Step 6: Resources, Ownership, and Realistic Expectations

Content planning must be realistic. A content marketing plan should reflect team size, available time, and budget.

It’s important to clearly define:

  • who comes up with ideas
  • who writes the content
  • who reviews and approves it
  • who publishes it and tracks results

Without this clarity, even the best content marketing strategy can fall apart in practice. Tools like EasyContent can help here by keeping all these steps in one place - defining workflows, assigning roles, managing templates, collaborating in real time, tracking changes, and making the entire process easier to manage.


Step 7: Metrics That Actually Matter

Measuring success is a core part of any content marketing plan - but not all metrics are equally important.

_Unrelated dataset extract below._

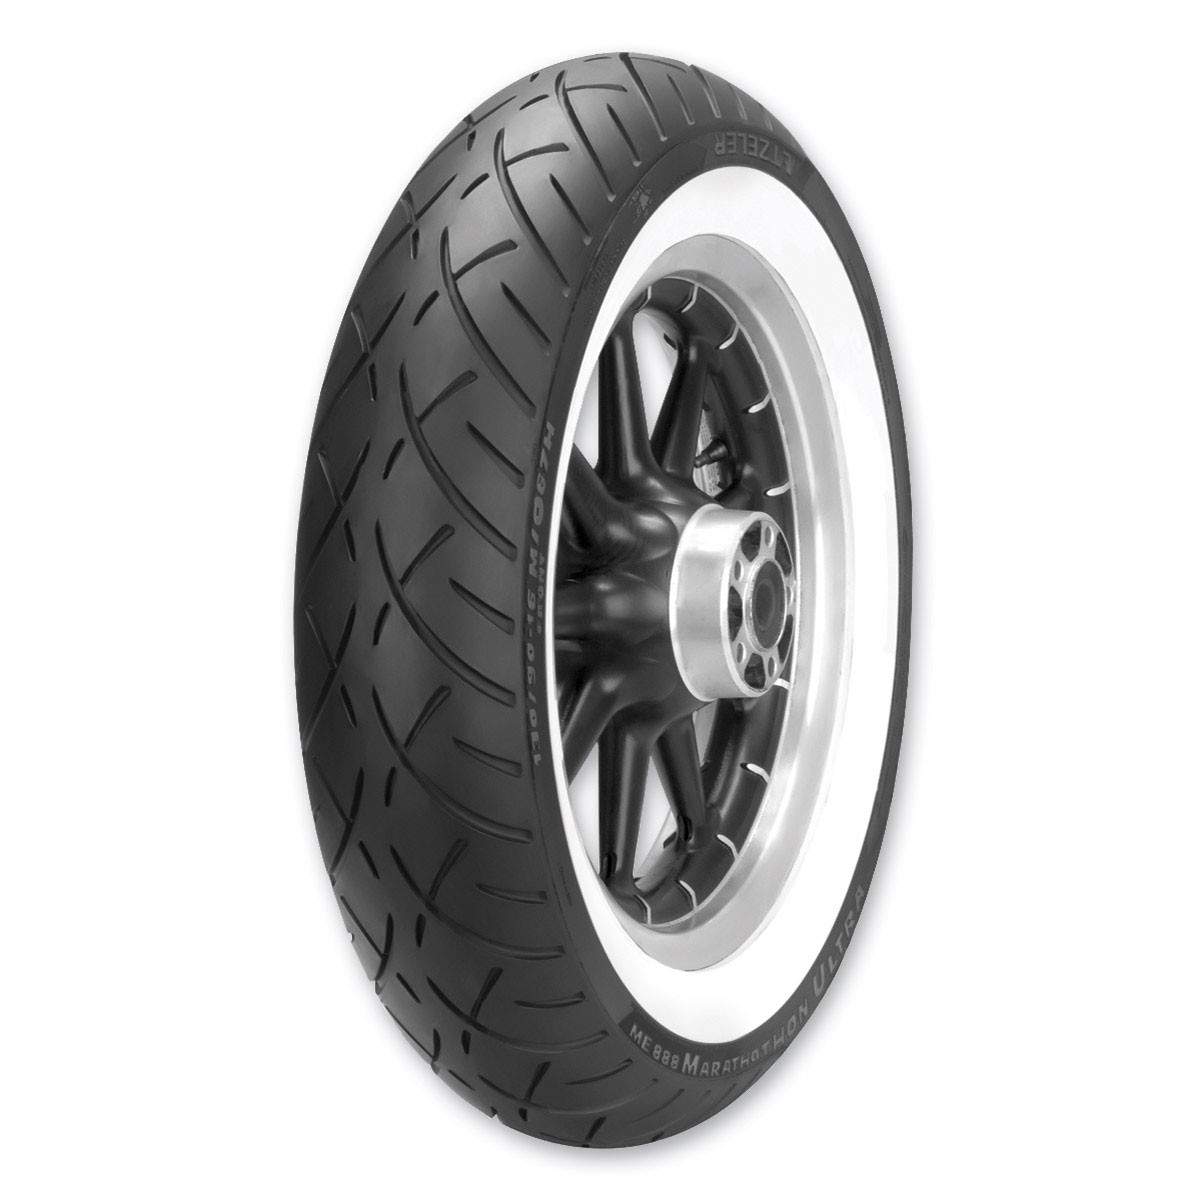 Metzeler ME 888 Wide Whitewall Front Tire | FortNine Canada

Depending on your goals, you might track:

  • Traffic and organic visits - This shows how many people reach your content, especially from Google. If you’re publishing blog posts and focusing on SEO, this is a foundational metric.
    • Example: a blog post that solves a clear problem starts gaining more search traffic over time.
    • How to track: Google Analytics or Google Search Console (users, sessions, organic traffic per page).
  • Time on page - This shows whether people actually read your content or leave quickly.
    • Example: if someone spends 3–5 minutes on a guide, there’s a good chance the content is useful.
    • How to track: average time on page in Google Analytics, compared across articles.
  • Engagement - This shows how people interact with your content.
    • Example: blog comments, LinkedIn shares, or link clicks within the article.
    • How to track: LinkedIn analytics, email marketing tools, or basic engagement data in Google Analytics.
  • Conversions and leads - This measures whether content drives real business outcomes.
    • Example: template downloads, newsletter sign‑ups, or contact form submissions.
    • How to track: goals or events in Google Analytics, plus data from your CRM or email platform.

The goal isn’t to track everything - it’s to track what directly supports your content marketing strategy.

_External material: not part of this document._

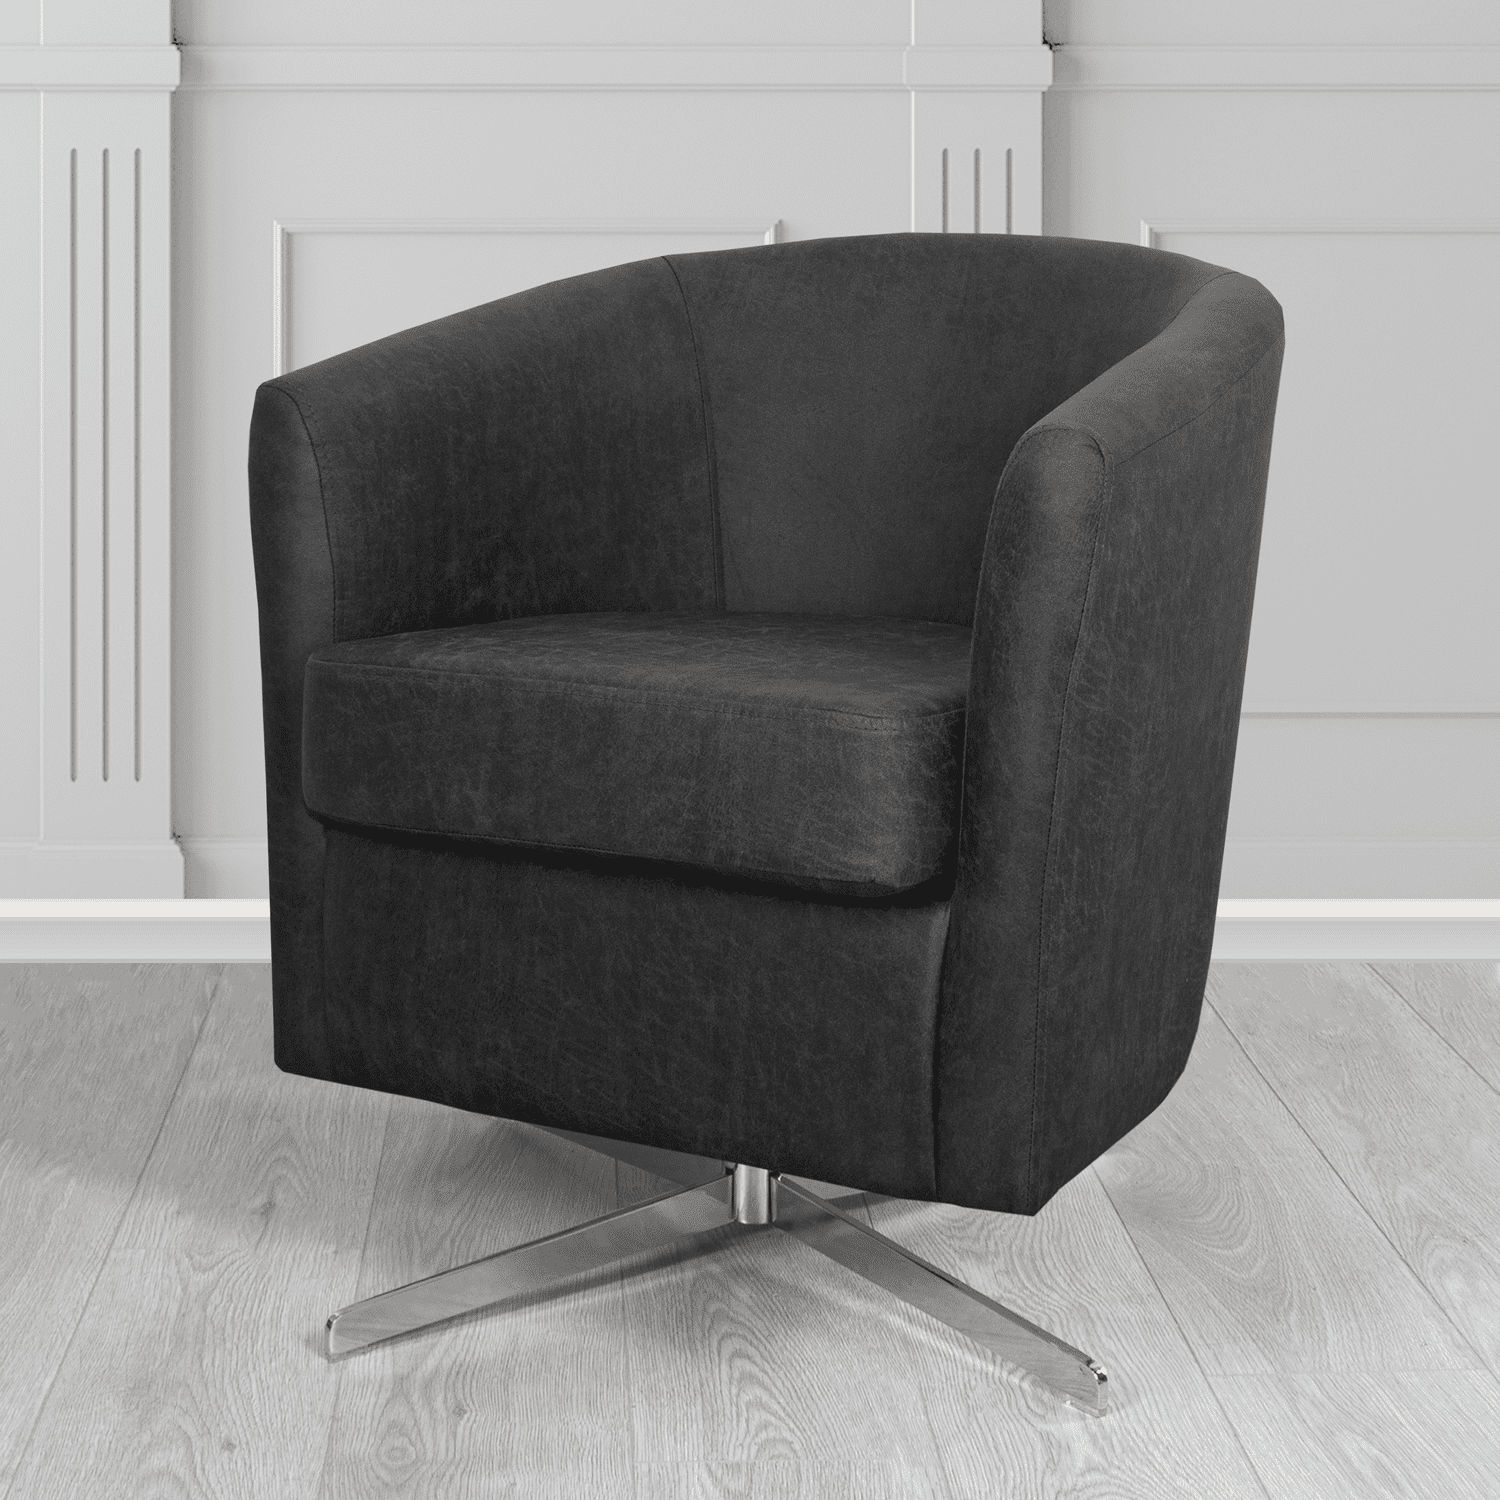 Cannes Swivel Tub Chair in Nevada Black Faux Leather - The Tub Chair Shop

Content Marketing Plan Template (Ready to Use)

A solid template makes planning much easier. A basic content marketing plan template should include:

  • business and content goals (more organic traffic, more leads, user education)
  • audience description (B2B SaaS founders, marketing managers, small teams)
  • main channels (blog, LinkedIn, email newsletter)
  • core topics / content pillars (content strategy, SEO, team workflows, tools)
  • content formats (blog posts, guides, templates, case studies)
  • success metrics (organic traffic, time on page, sign‑ups, leads)

This template can easily be adapted for solo marketers, small teams, or SaaS and B2B companies.


Common Content Marketing Planning Mistakes

The most common mistakes include:

  • A plan that’s never used - The plan exists “on paper,” but not in day‑to‑day work. If the team doesn’t actually follow it, the plan has no real value.
  • Too many topics with no focus - Trying to write about everything leads to scattered, unclear content. Fewer topics tied to clear goals work much better.
  • Unclear goals - If it’s not clear why content is created or what it should achieve (traffic, leads, education), it’s impossible to judge success.
  • Ignoring real resources - Plans often assume more time, people, or budget than actually exists, which leads to quick burnout and abandonment.

Recognizing these mistakes helps build a more effective content marketing strategy.


Conclusion

A content marketing plan isn’t a static document - it’s a system that helps teams work more clearly and consistently. When the plan is clear, content stops being stressful and becomes a real growth tool.

If you want to stop publishing randomly, a content marketing plan is a strong first step. It helps you work with purpose, stay organized, and see tangible results over time.